Série Ruptura faz refletir sobre qual a função da "roupa de trabalho"
Série exibida na Apple TV mistura ficção científica com crítica à vida corporativa.

O figurino da série Ruptura vai além de um mero adereço para vestir os personagens, ele é uma ferramenta importante para construção do ambiente de trabalho desumanizado que a série explora.
Ok, Ruptura é um fenômeno. O último episódio da segunda temporada da série foi lançado na quinta-feira passada e quanto mais a produção avança, mais as teorias da conspiração aumentam. E eu, particularmente, só consigo olhar para o figurino.
Veja também
A trama, que mistura ficção científica com uma dura crítica à vida corporativa, mostra uma distopia onde os trabalhadores passam por um esquema que faz com as memórias de cada funcionário sejam separadas: a partir do momento que entram na Lumon Industries, eles esquecem completamente quem são fora do ambiente de trabalho. Sim, é muito chocante ver isso num objeto de entretenimento, porque mostra como isso acontece claramente na vida real e como o mercado de trabalho é inescrupuloso.
Vamos trazer o processo de se vestir para a nossa vida? Desde cedo, a gente percebe que precisa se vestir de um jeito pra ir pra escola, para a missa, para o shopping, pra casa do parente. Não dá para usar o mesmo lookinho em todos os ambientes, cada ocasião pede alguma coisa - e se você foi uma criança dos anos 1990 como eu, sabe que a roupa da ocasião especial jamais poderia ser usada numa situação qualquer.
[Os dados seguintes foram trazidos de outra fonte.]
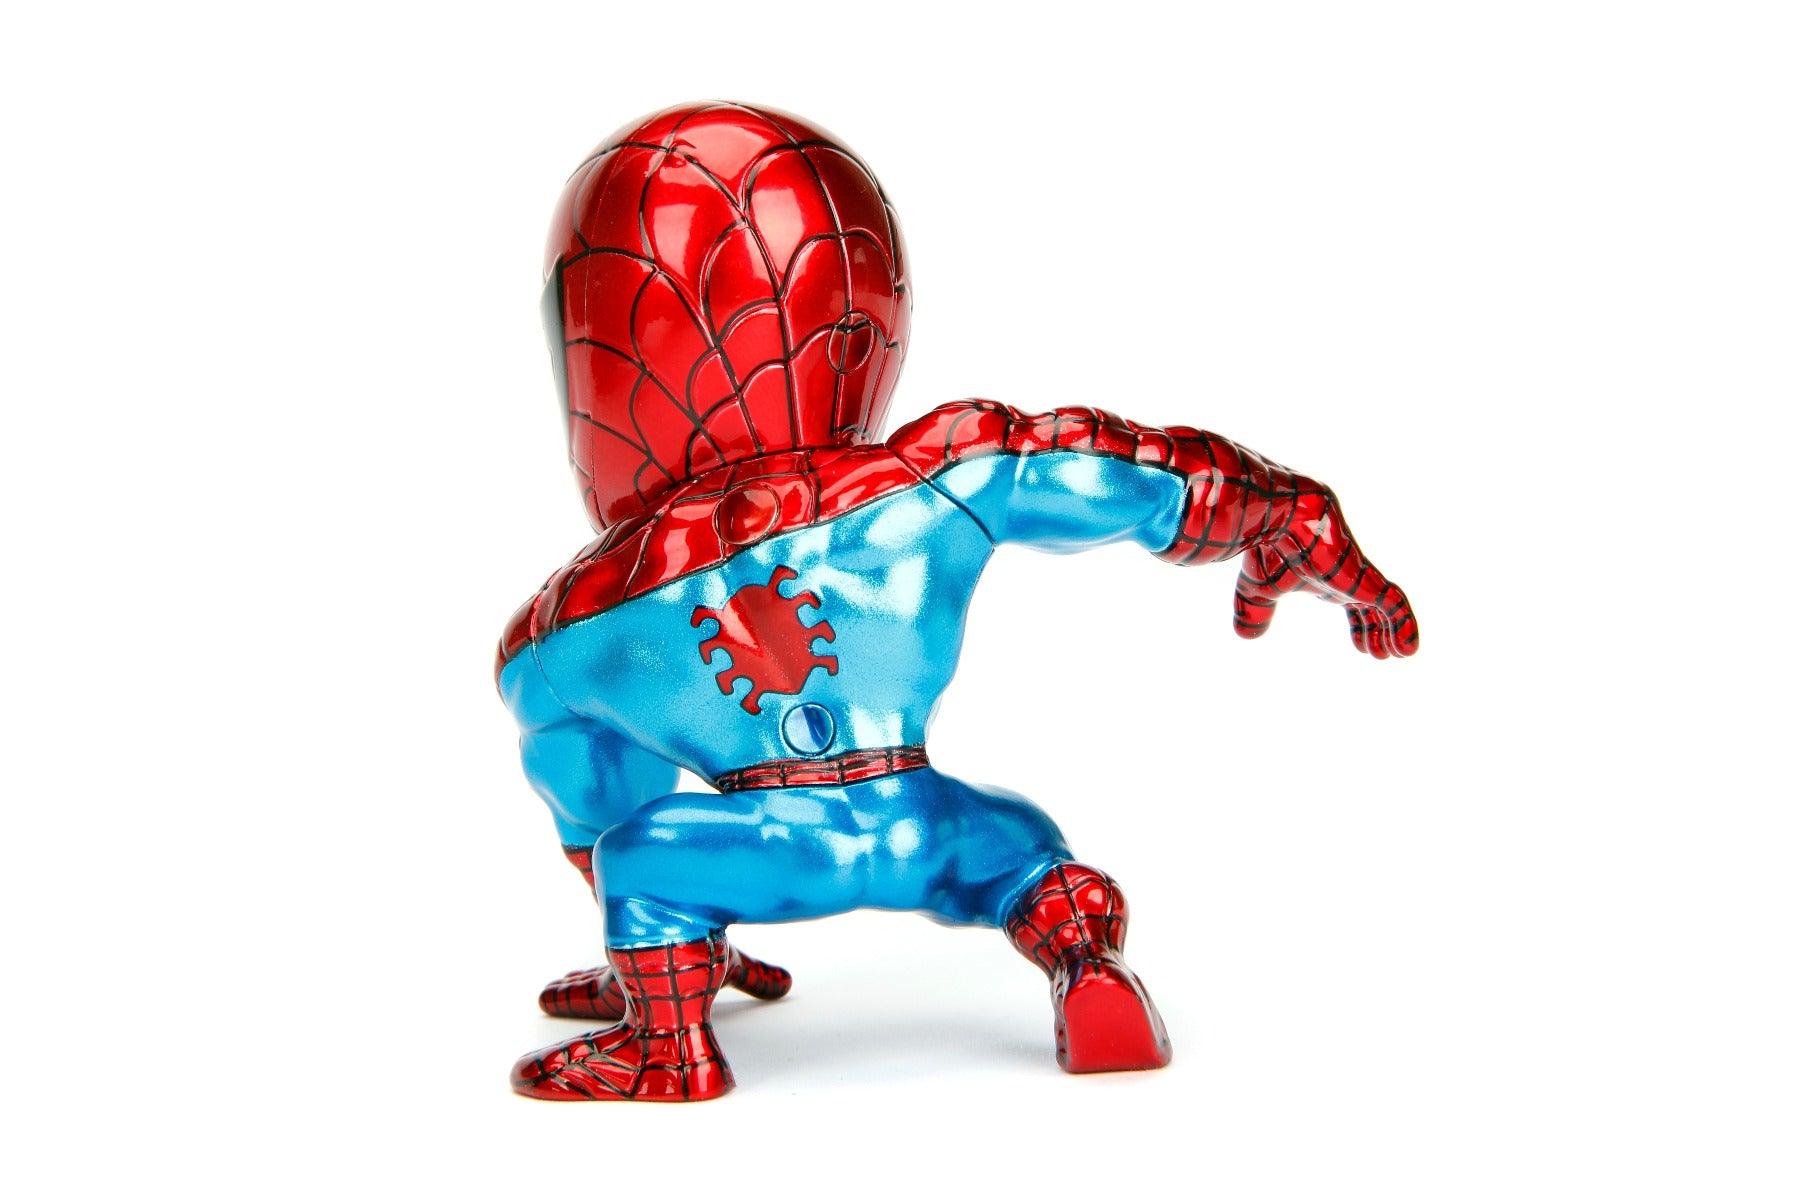 Jada Toys Diecast Metal Marvel Classic Spiderman 4 inch Action Figure

Quando viramos adultos isso se expande: havaiana e shorts jeans na faculdade tá permitido, a depender do seu curso, mas o estágio pede calça, camisa e um sapato fechado. Em Ruptura, fica claro como a roupa é um reflexo direto da dessensibilização do trabalhador ao ambiente de trabalho, afinal, lá eles são obrigados a usar roupas padronizadas, sem vida, cores estéreis em um ambiente estéril.

Essas escolhas transmitem uma sensação de opressão, ou seja, o figurino é uma metáfora para a alienação e desconexão emocional muitas vezes associadas ao ambiente corporativo.
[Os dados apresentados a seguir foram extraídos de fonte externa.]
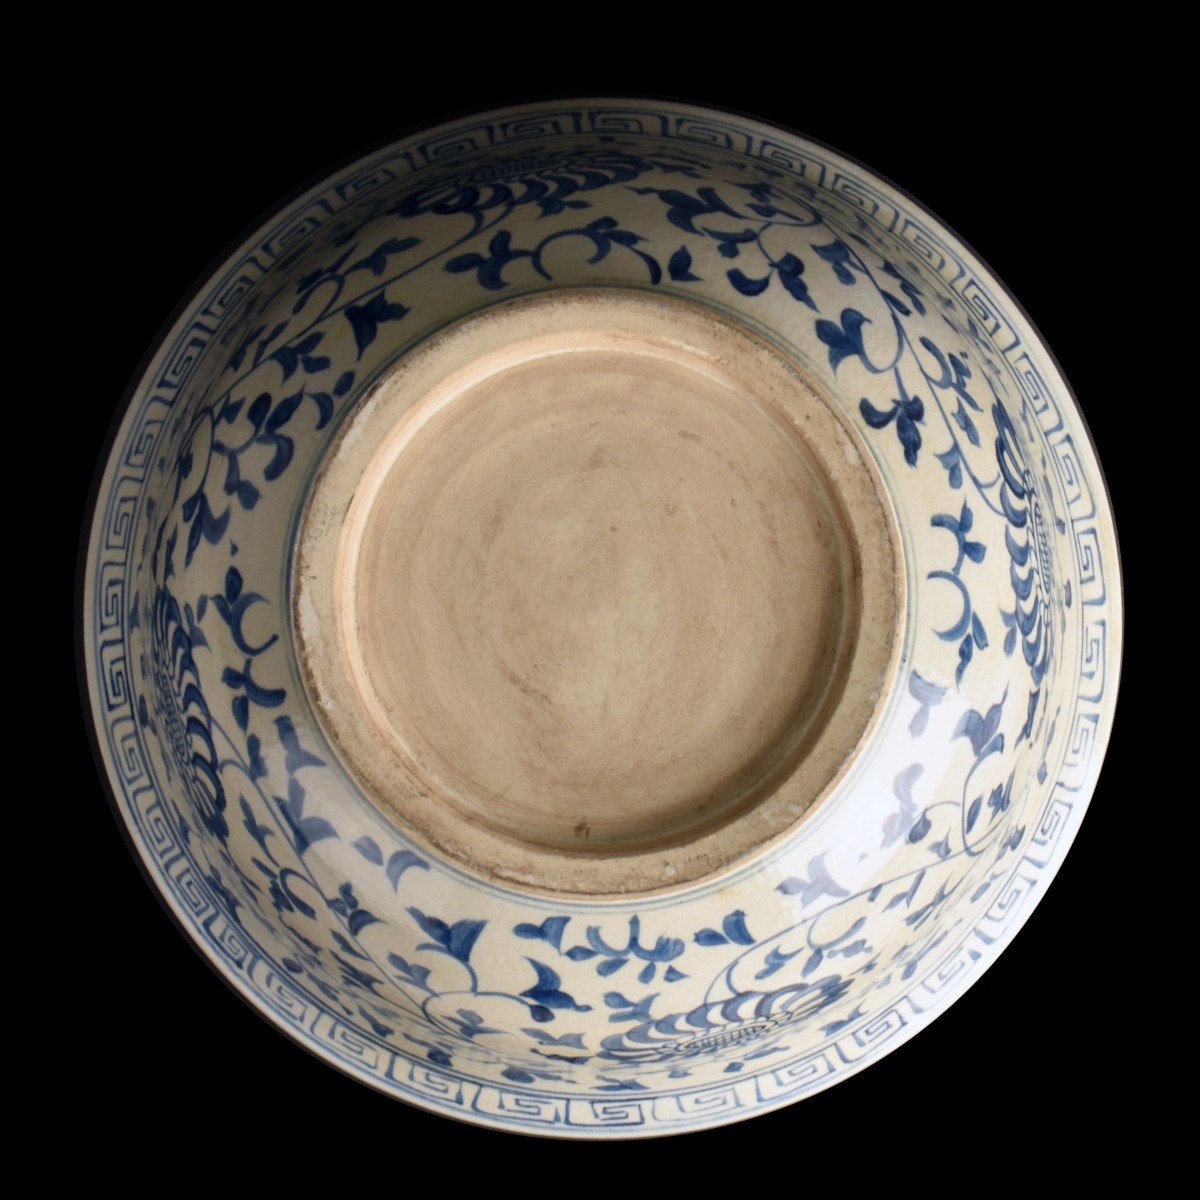 Large Chinese Porcelain Centerpiece Bowl

Na Lumon, os funcionários são reduzidos a números e funções, e a aparência é um reflexo claro disso.
Conseguimos ver essa despersonalização especialmente na personagem Gemma, alguém que não tínhamos muita informação sobre quem ela é na primeira temporada e nesta segunda, vemos a diferença de quem ela representa duas personalidades totalmente distintas entre ambos os ambientes (especialmente pelo interesse especial que a Lumon tem nela).
Para todos os funcionários que passam pela ruptura escolher looks não faz parte do seu cotidiano. Seus "externos" decidem como eles irão se vestir, seu cabelo e maquiagem, e só resta a eles aceitar. Em um determinado momento vemos uma personagem com ainda menos agência sobre sua vida, seus looks são montados
imaculadamente com peças vintage, mas de uma forma estéril e sinistra, quase como os scrubs de hospital, e esse efeito se reflete até na mobília do próprio escritório.
As roupas em Ruptura não são apenas um detalhe visual, elas são uma ferramenta fundamental para reforçar que o trabalhador no ambiente corporativo é só mais uma máquina cujo único propósito é produzir.